Alexander Zverev finally captured his maiden Grand Slam title at Roland-Garros on 7 June 2026 in Paris. The 29-year-old German produced a commanding performance, overcoming Italy’s Flavio Cobolli in a thrilling five-set battle to lift the prestigious Coupe des Mousquetaires for the first time in his career.
The scoreline: 6-1, 4-6, 6-4, 6-7(5), 6-1 only partially tells the story of what unfolded on Philippe-Chatrier. Zverev began with surgical authority, racing through the opener as if the occasion held no weight. But Cobolli, the tenacious 23-year-old from Rome, refused to fold. He grew bolder with each exchange, leveled the match in the second set, and pushed the contest to a nerve-shredding fourth-set tiebreak that swung the momentum dramatically.

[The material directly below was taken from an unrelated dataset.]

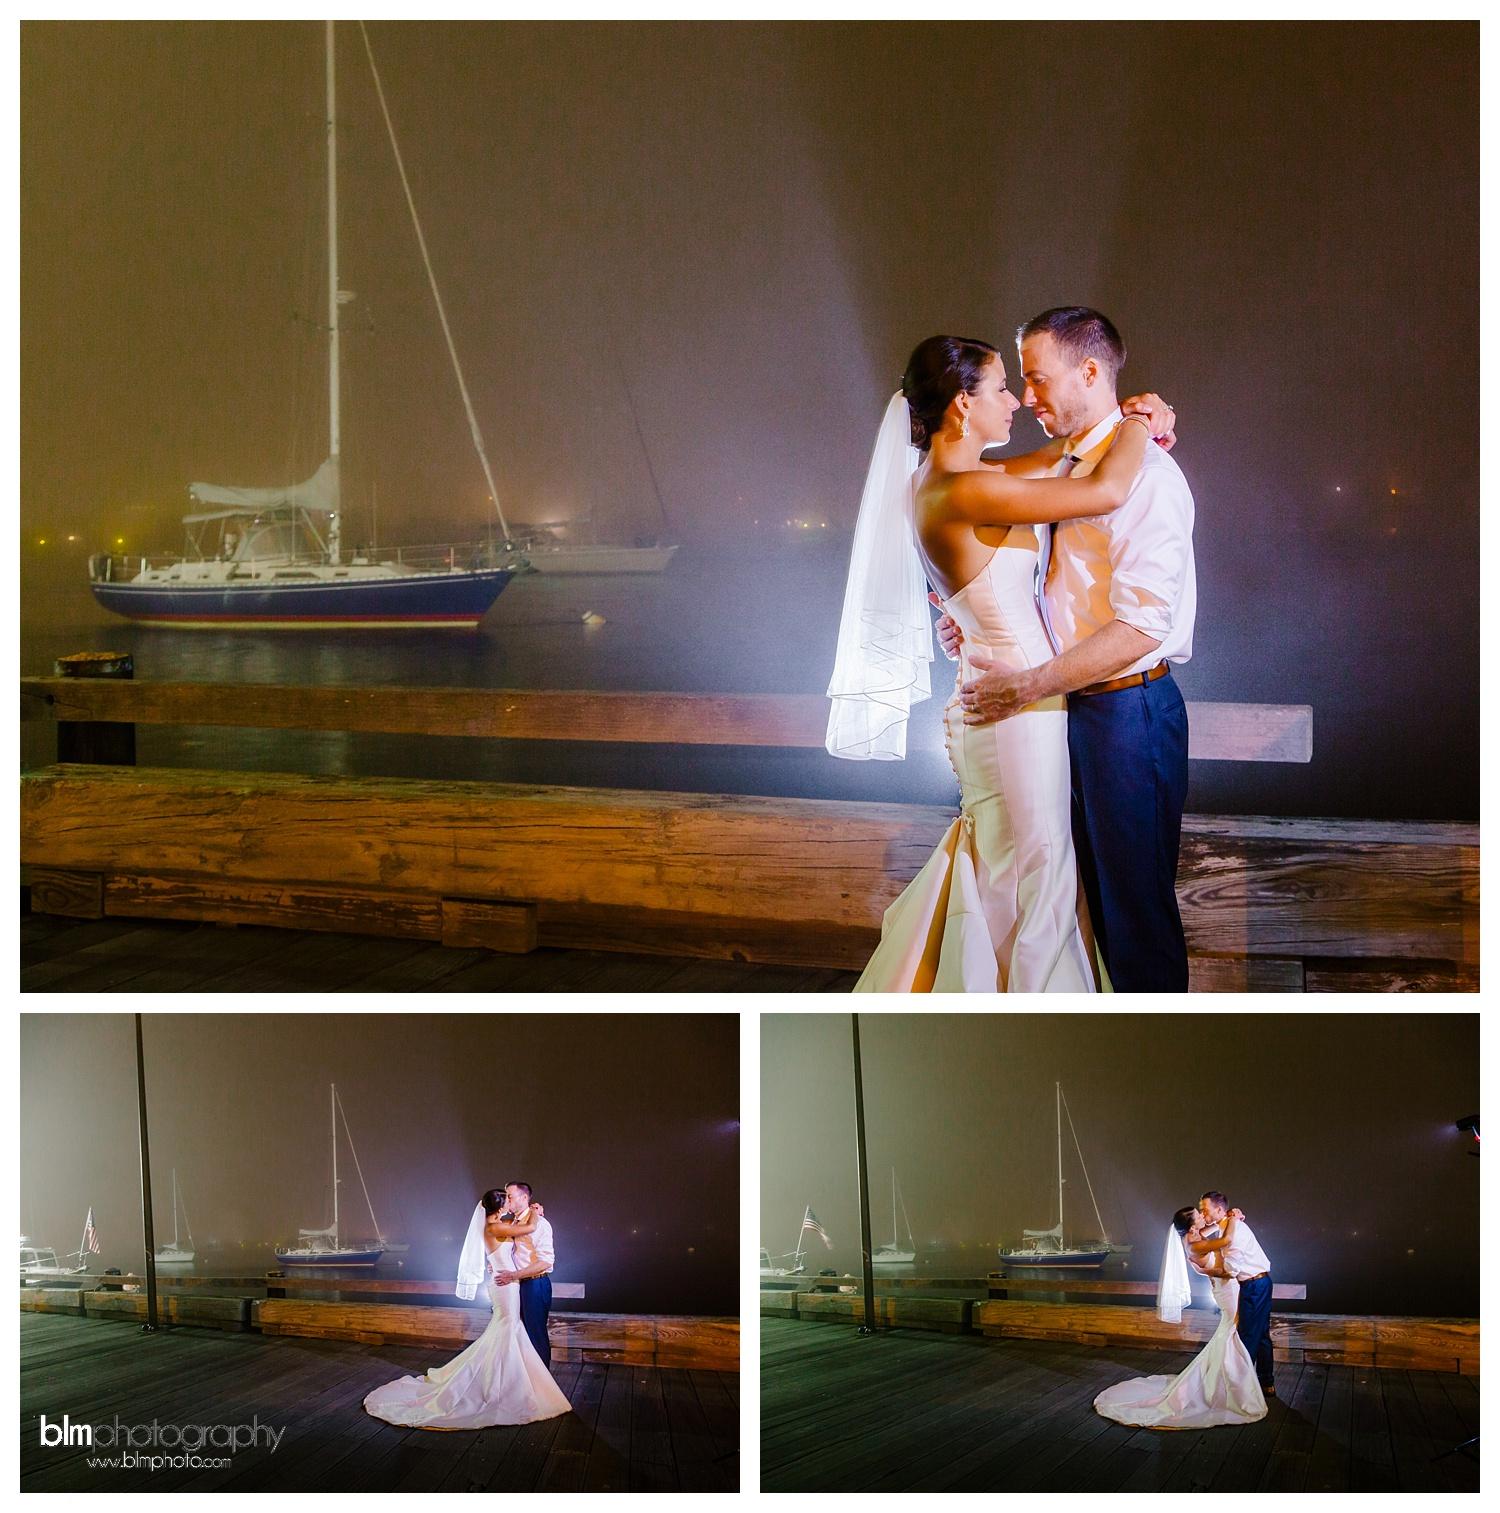 378Nathalie & Kirwan Married at The Maritime Museum_20170916_5890.jpg
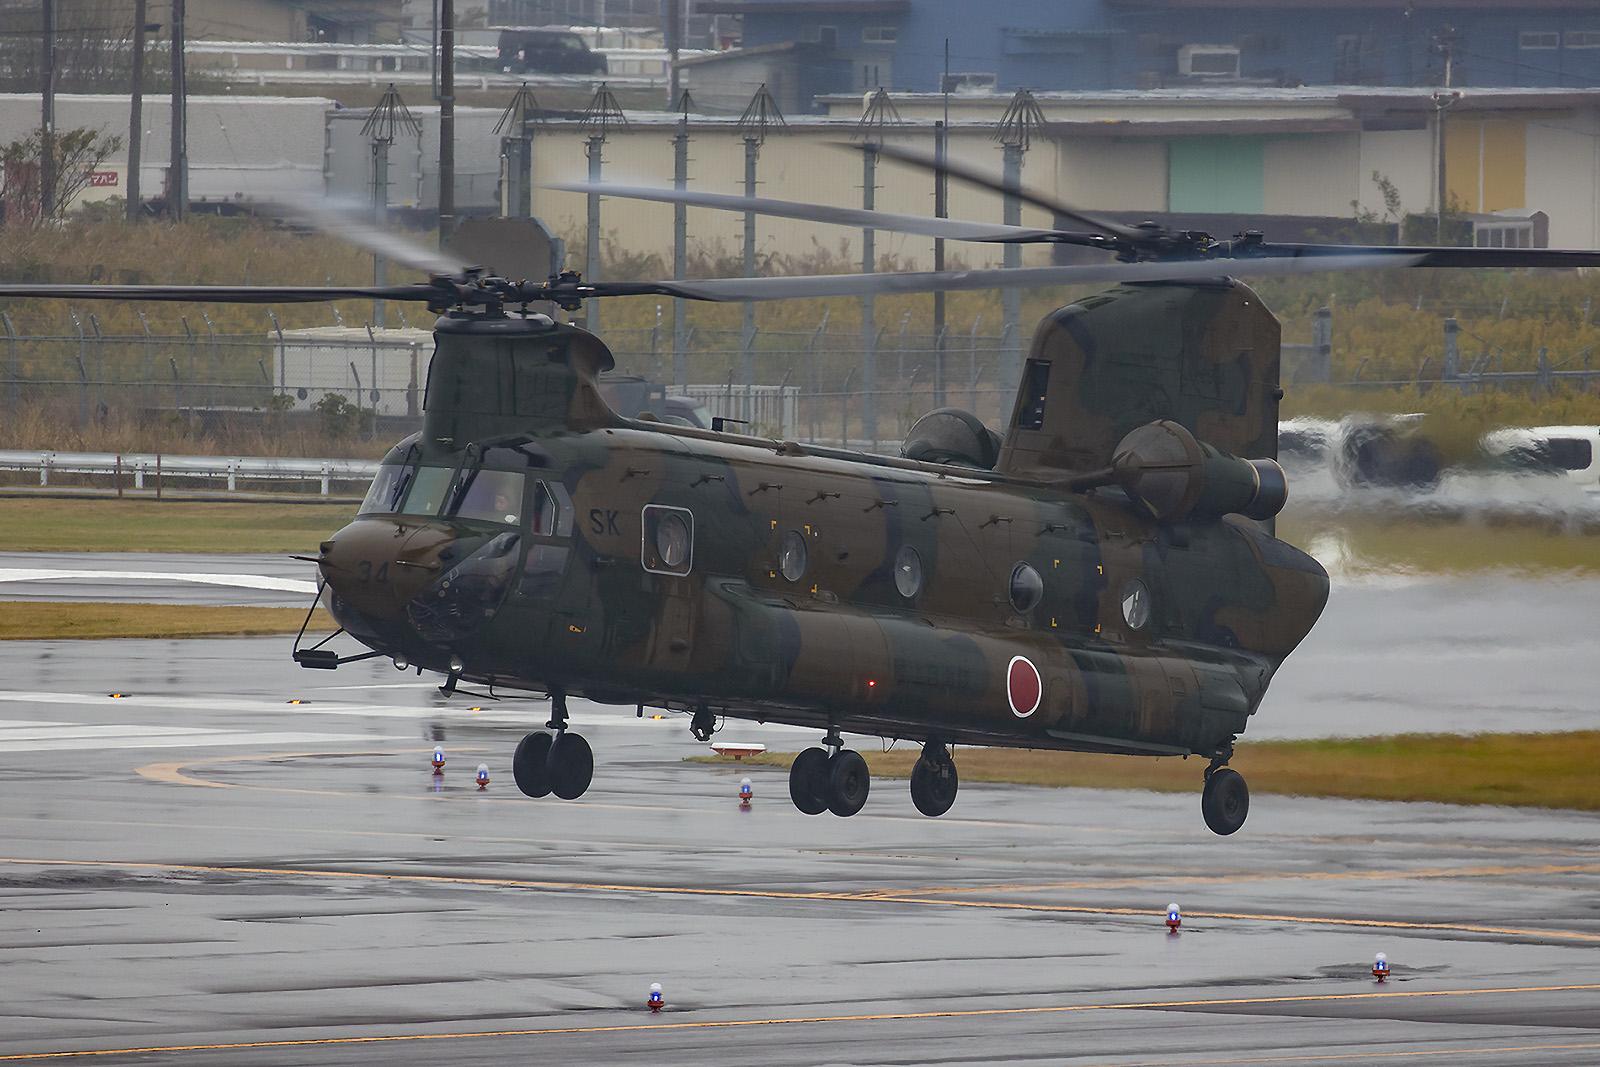 Der schwere Transporthubschrauber Boeing-Vertol CH-47J Chinook.

When the deciding fifth set began, however, a different Zverev took the court: composed, calculating, and ruthless. He broke Cobolli’s serve twice in quick succession, surged to 4-0, and never looked back. The match ended when Cobolli’s overhead sailed long, and Zverev collapsed onto the red clay, face buried in his hands, tears streaming freely.
“This trophy for me is very important, because if I would have lost this one, the self-belief would have gone down a lot,” Zverev admitted after his five-set victory over Flavio Cobolli. “But now that I’ve won it, I feel like I can do it again.”
It was the same court where he had fractured his ankle in agony during the 2022 semifinals. The same court where he surrendered a two-set lead to Carlos Alcaraz in 2024. Those memories made Sunday’s moment feel almost poetic.
Germany had not produced a Grand Slam champion since Boris Becker’s triumph in Melbourne thirty years ago. That drought is now history.
Zverev held the trophy aloft and roared. Somewhere in the crowd, a group of fans spelled out his childhood nickname: Sascha. He had earned every letter.